If you search for an answer to a problem and copy it, you have learned nothing. If you solve the problem on your own, you have learned something. It doesn't matter if 100,000 people have already solved that problem -- you used your problem solving abilities to produce a solution. You have expanded your own abilities, at least a bit, and proven that you can think. Plus, you now understand that bubble sort, and possibly why it works and why it's inefficient for large data sets. You appear to have a complete lack of understanding of what professional programmers do. The short answer is we solve business problems. It doesn't matter if the program is a game, a commercial web site, a management application, or an esoteric laboratory tool -- it's a business problem in the most basic terms.
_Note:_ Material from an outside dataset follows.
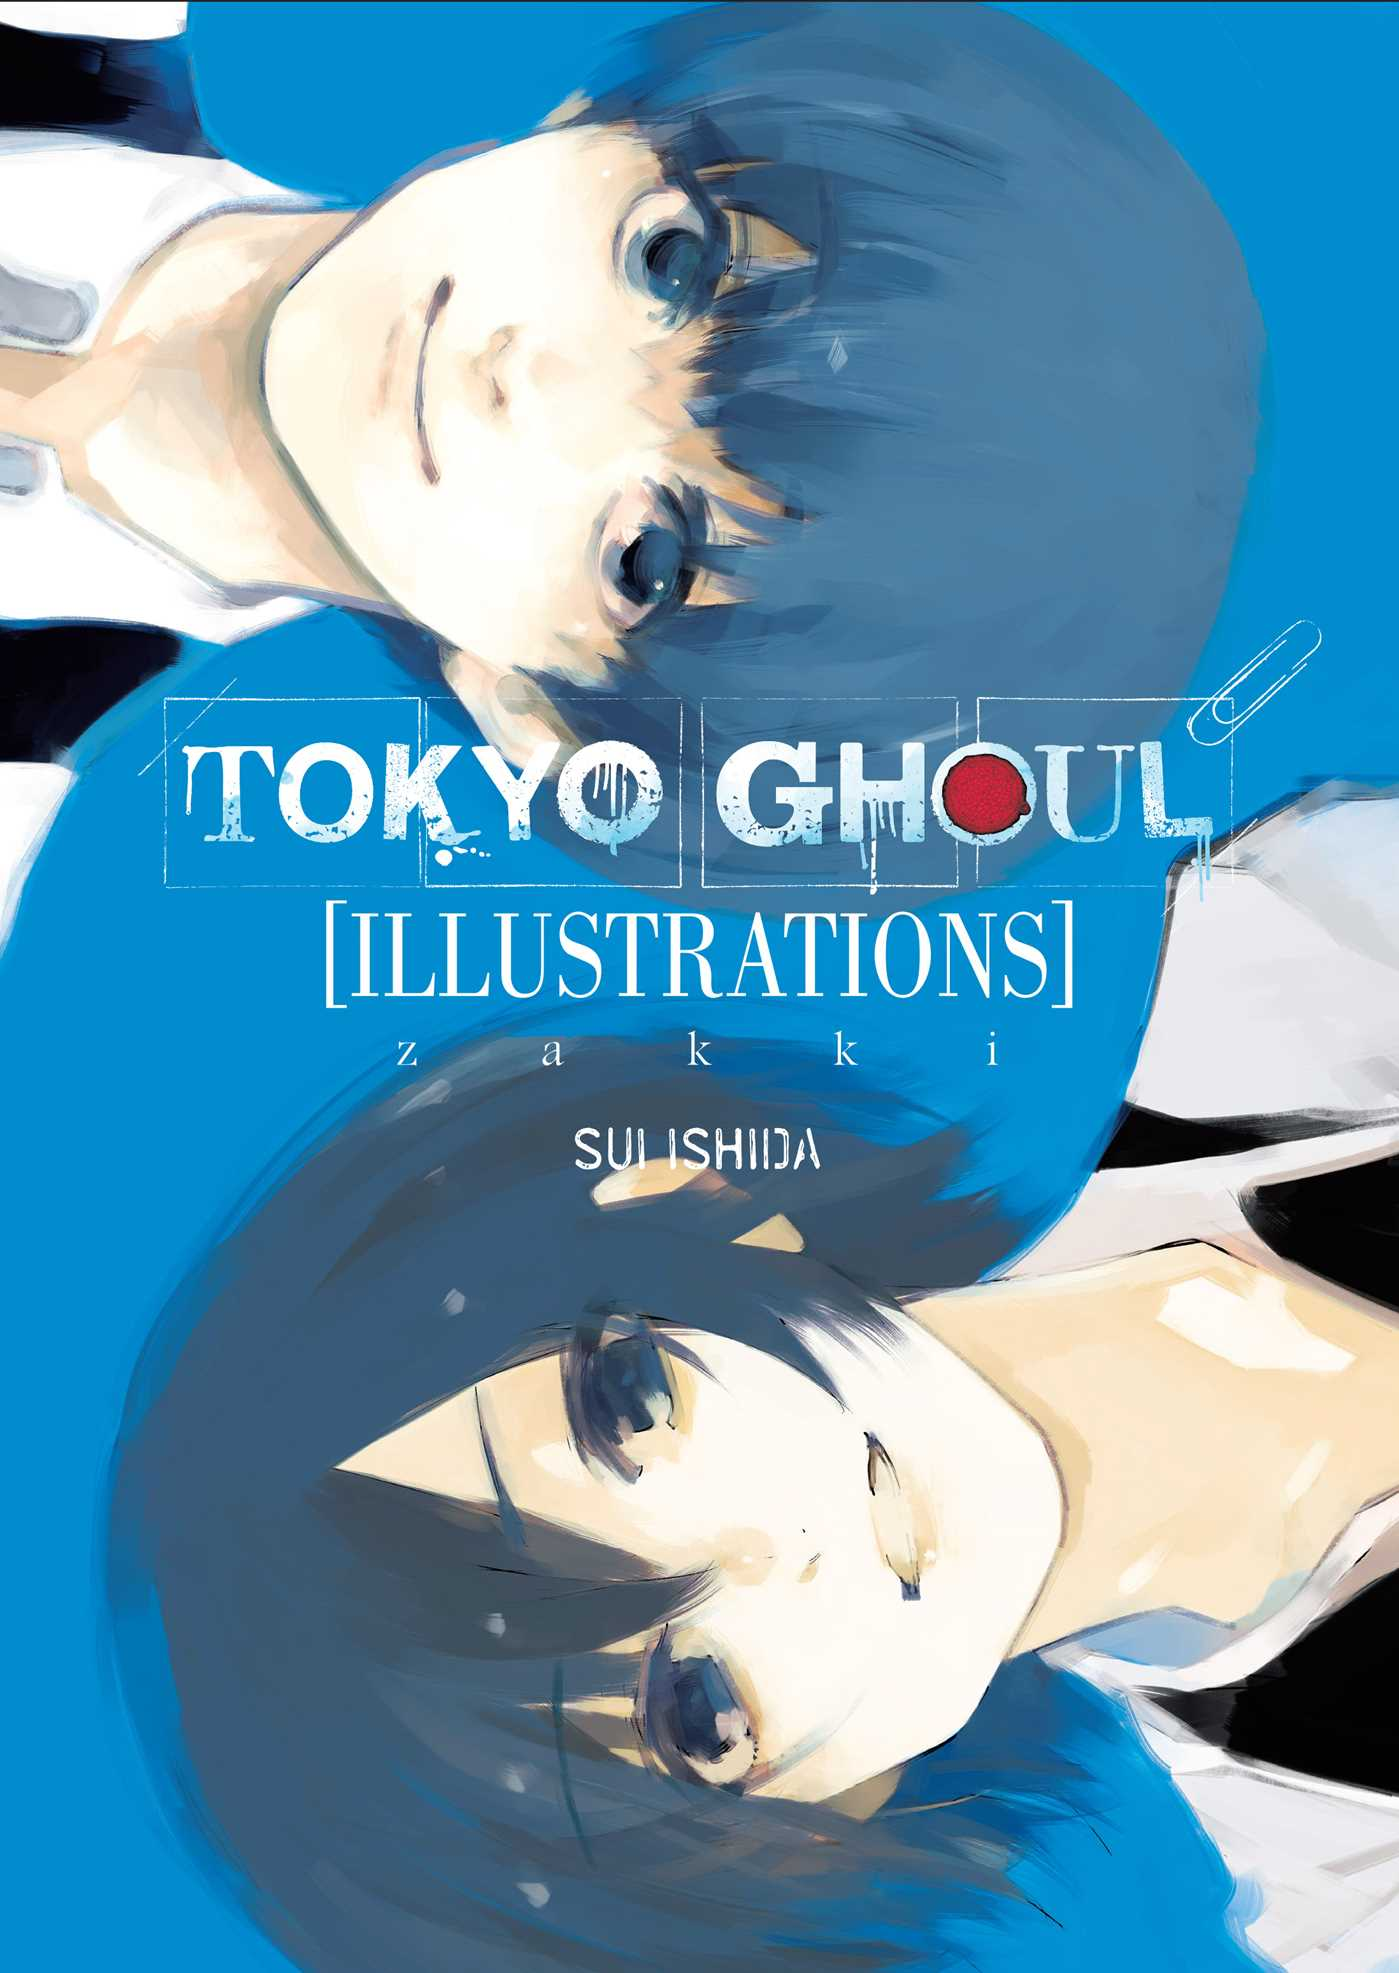 Tokyo Ghoul Illustrations: zakki | Book by Sui Ishida

The programmer is paid to achieve a goal, not to solve complex problems and reach enlightenment. It's not always cool, it's not always sexy. Mostly it's not. Programming can be grunt work, frustrating grunt work. Sure, if I need a bubble sort, or a shell or quick sort -- I copy it. Or use a library. Why? Because I'm long past the learning stage and have written dozens of sorts to solve immediate problems. I learned those lessons decades ago and there is no value to my employer for me to write one. When I make pizza, I don't use a recipe. Why? Because I've made thousands of pizzas and I make one without having to think about what I'm doing. I solve the immediate problem (needing a pizza) using the tools (ingredients) I have at hand utilizing my experience.